Старушка рассказала другим об опасности, и некоторое время отдыхающие на балкон не выходили. Но потом там снова стали появляться люди, и тогда Стаховский придумал другую «операцию». Взял у студента старую саблю, привезённую с Дона, и пообещал наточить её «до блеска». А перед самым балконом Дома творчества лежал плоский камень, на котором Стаховский вечерами и точил саблю. Обитатели балкона вначале ничего не понимали, а потом какой-то старик подошёл к нему и спросил:

– Ты чего точишь?

Стаховский повертел саблю в руках, ответил:

– А так… железяку.

– Но зачем же её точить?

– А так… ради удовольствия.

– Но какая же это железяка, если это сабля, боевое оружие.

Стаховский снова вертел перед носом «железяку-саблю» и потом сказал:

– Да, это сабля, но не боевое оружие, а музейный экспонат. Вот наточу и сдам её в музей.

Старик сказал, что отдыхающие не хотят смотреть на то, как он тут каждый вечер точит её у них под носом: ширк-ширк.

– Да почему же?

– Не делай из нас идиотов! Кому же понравится?.. Человек вышел подышать воздухом, а ты скоблишь эту железяку? А она и не железяка вовсе, а кинжал, которым потрошат животы. Ты что – не понимаешь?

Диалог ни к чему не привёл, и в следующий раз к Стаховскому подошло много стариков и старух. Они тревожно галдели, возмущались, – говорили, что он отравляет им отдых. А он возьми, да скажи им:

– От каких же таких трудов вы отдыхаете тут? В шахте что ли уголёк добывали или «Войну и мир» писали? Да вы и ручку в руках держать не умеете.

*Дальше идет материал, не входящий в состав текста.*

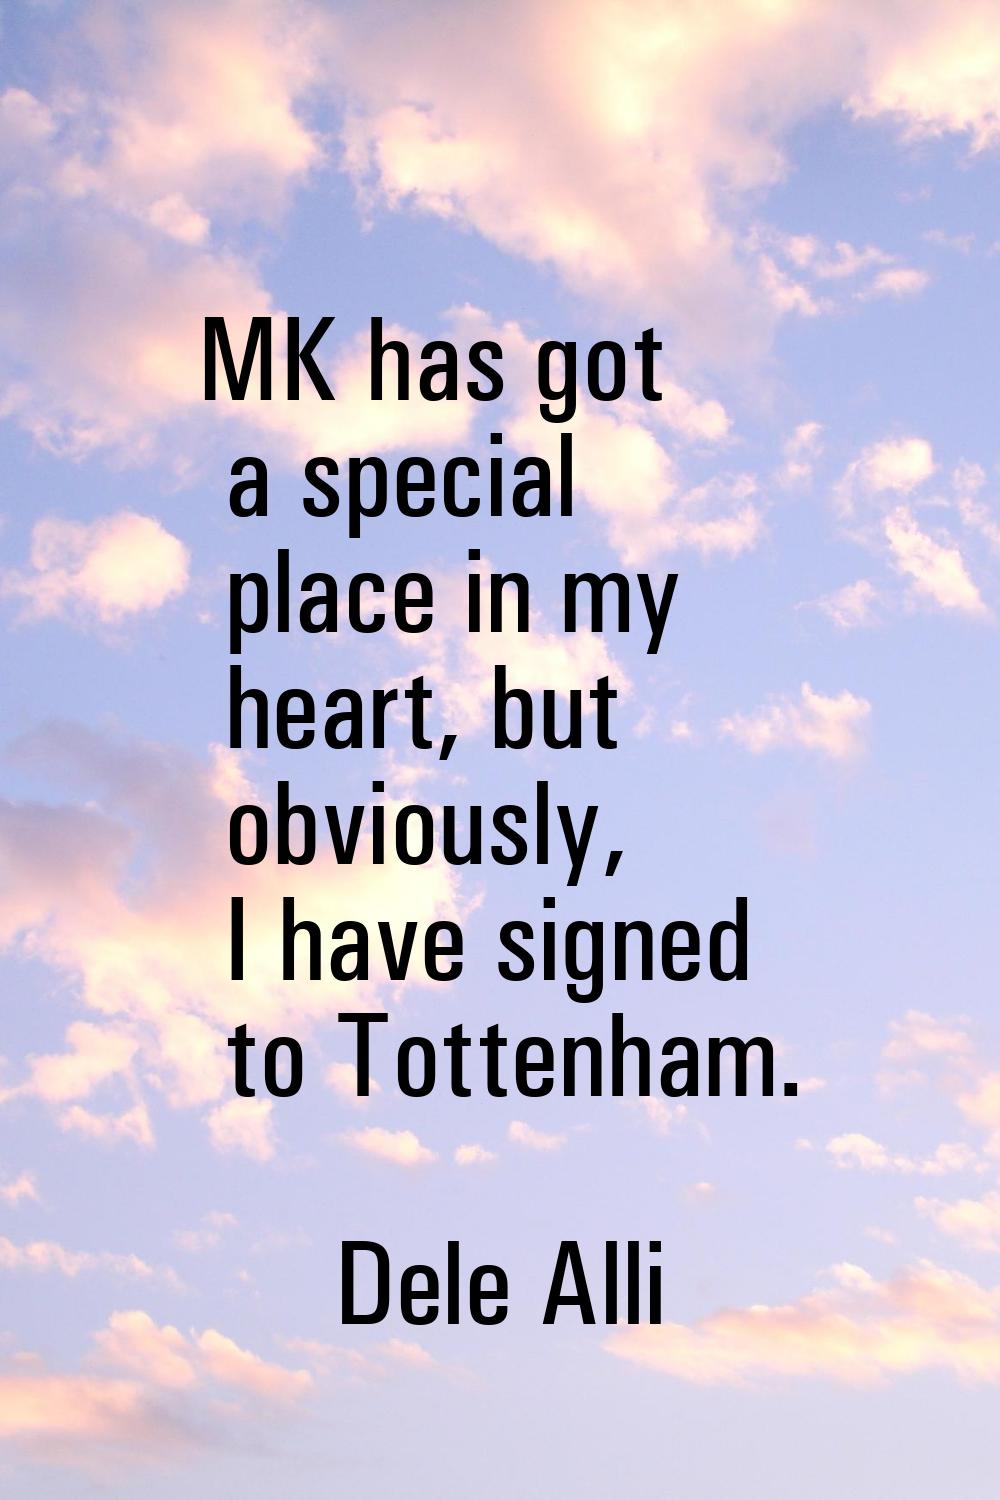 MK has got a special place in my heart, but obviously, I have signed to Tottenham.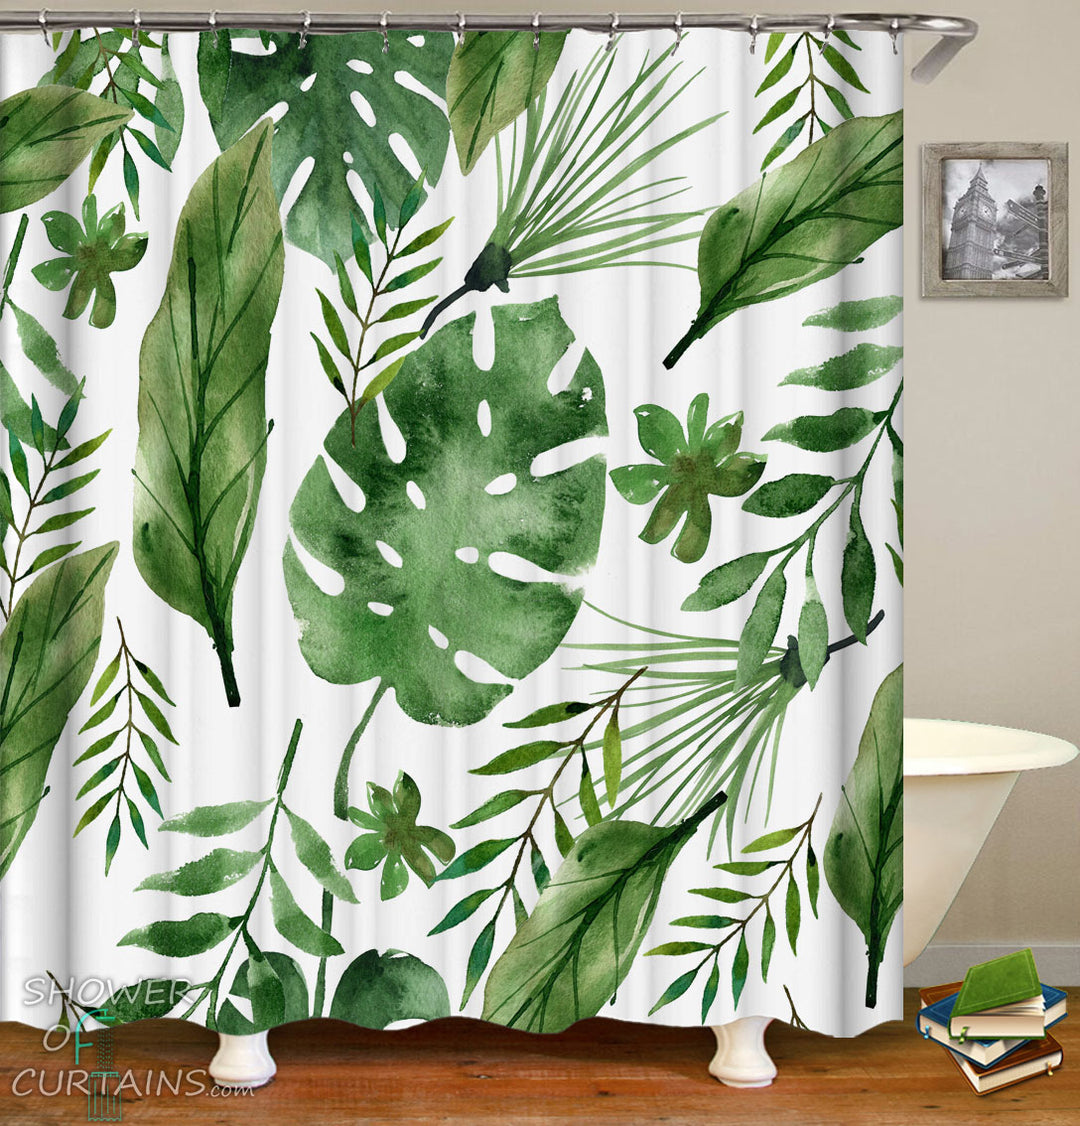 Leaf Shower Curtain - Simple Green Leaves Painting

Ну, тут такое началось! Сам Аркадий Райкин к ним на помощь прибежал, дочь Корнея Чуковского прискочила. С кулаками на него лезут. А он как поднимет свою саблю да как гикнет по-казацки и ну размахивать, будто головы врагам сечёт. В минуту все разбежались. И позвонили в милицию.

Был поздний вечер, когда мы зашли в милицейский пост. И застали тут картину более чем идиллическую: на месте дежурного сидел наш Стаховский, а возле него стояли три милиционера. Поэт писал автографы на вышедшем недавно сборнике его стихов и торжественно вручал каждому подарок. Поначалу на нас не обратили внимания; стражи порядка пожимали руку Стаховскому, сердечно его благодарили. На столе мирно лежала сабля. Наконец, заметили и нас, дежурный ко мне обратился:

– Вам кого, товарищ?

– Нам сказали, что вы забрали нашего студента.

Два милиционера ретировались в открытую дверь другой комнаты, а дежурный – это был сержант милиции – сел на своё место, сделал строгое лицо:

– Да, но мы решили протокол не писать. Не находим состава преступления, однако будем просить не беспокоить больше отдыхающих.

– Хорошо, мы примем свои меры, а теперь, если позволите, возьмём с собой студента.

– Да, да, мы с ним обо всём договорились.

Была ночь, мы шли по тёмной тополиной аллее.

– Вы свои художества продолжаете, – заговорил я, пытаясь быть строгим.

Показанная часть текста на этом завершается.